Continuous variables were summarized using mean ± SD values and compared using the Student t test or Wilcoxon rank-sum test. Categorical variables were summarized using percentages and compared using the chi-square test. The propensity score was estimated from a nonparsimonious logistic regression model for treatment with IVUS versus no IVUS. To calculate the propensity score, the following variables were entered into the model: age, prior coronary artery bypass graft surgery, prior PCI, diabetes mellitus, number of diseased vessels, number of treated vessels, number of treated lesions, location of treated lesions (bypass graft, left main, left anterior descending, circumflex, right coronary artery), and indication for index procedure (elective or acute coronary syndrome). Odds ratios for covariates in this model are shown in Online Table 1. Patients receiving IVUS were then 1-to-1 matched to the patients receiving no IVUS on propensity score using the nearest available pair matching method. Continuous variables were summarized using mean ± SD and were compared using the paired t test or Wilcoxon signed-ranks test adjusting for the matched pair. Categorical variables were summarized using frequencies and percentages and compared with Cochran-Mantel-Haenszel test adjusting for the matched pair. Clinical event rates at 30-day and 2-year follow-up were estimated using the Kaplan-Meier method, and differences between groups were compared using the log-rank test. A Value of p < 0.05 indicates statistical significance.
A number of sensitivity analyses were performed to investigate the robustness of the results yielded by the propensity-score matched-pair method. First, stepwise multivariate Cox proportional hazards models were constructed for 30-day and 2-year clinical outcomes in the overall study cohort and the propensity-matched cohort with use of IVUS during the procedure forced into every model to evaluate the consistency of the data across all ischemic events. Entry and exit criteria were set at p < 0.10 for other candidate variables. The following variables were considered in the models: age (years), male sex, prior MI, prior coronary artery bypass grafting, prior PCI, prior brachytherapy, prior cerebrovascular accident or transient ischemic attack, congestive heart failure, history of peripheral vascular disease, hypertension, hyperlipidemia, diabetes mellitus, smoking, family history of coronary artery disease, chronic renal insufficiency, acute MI (<48 h), cardiogenic shock, and multivessel stenting.
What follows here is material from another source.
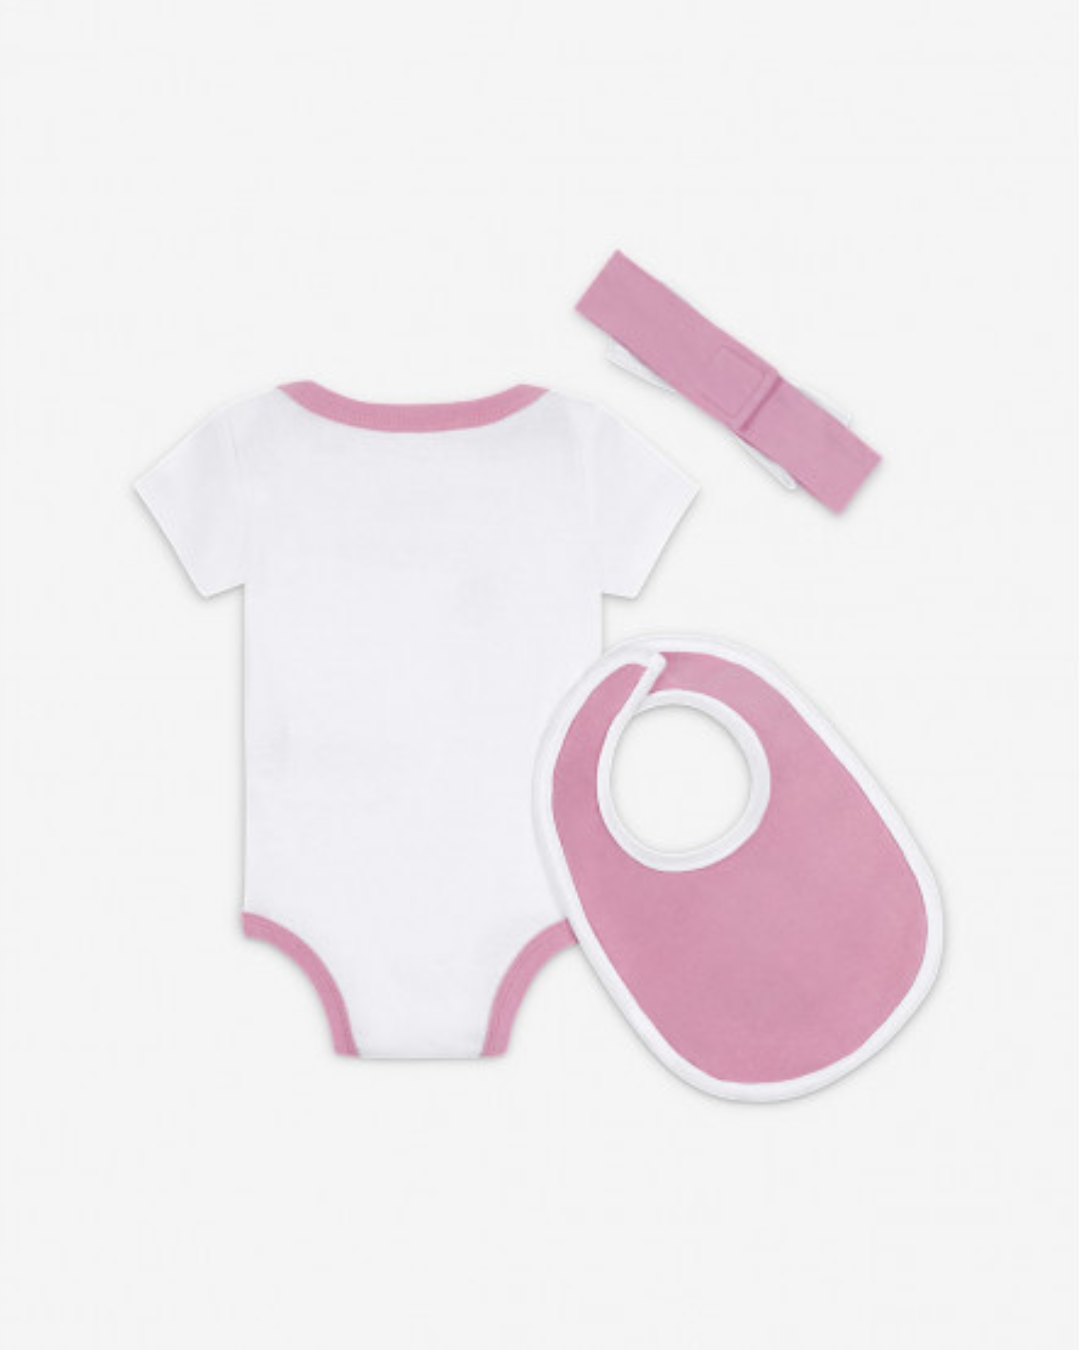 Nike Baby Set - White/Pink/Black

Moreover, additional Cox models were constructed in the overall study cohort with use of IVUS during the procedure and the propensity score as the only variables (analysis of covariates), forced into every model as proposed by Rosenbaum and Rubin (5) in their original article on the propensity score.
A total of 1,504 patients were enrolled in MATRIX; IVUS was performed during the index procedure in 42.0% of patients (n = 631). There was considerable imbalance in baseline clinical and angiographic characteristics between patients in the IVUS group versus the no-IVUS group, including the rates of diabetes and previous revascularization by PCI or surgery (Tables 1 and 2).⇓ After propensity matching, 548 of 631 patients (87%) in the IVUS group were successfully matched to an equal number of controls. The propensity-score model discriminated well (C-statistic: 0.67). The 2 matched groups had similar clinical and angiographic characteristics (Tables 1 and 2). In the IVUS group, lesion pre-dilation was less often used (54.0% vs. 70.2%, p < 0.01), post-dilation was performed more often (42.5% vs. 34.1%, p < 0.01), the maximum stent inflation pressure was somewhat higher (15.5 ±2.6 atm vs. 15.3 ±2.6 atm, p = 0.04), and the final stent diameter was slightly larger than in the no-IVUS group (3.1 ±0.4 mm vs. 3.0 ±0.4 mm, p < 0.01).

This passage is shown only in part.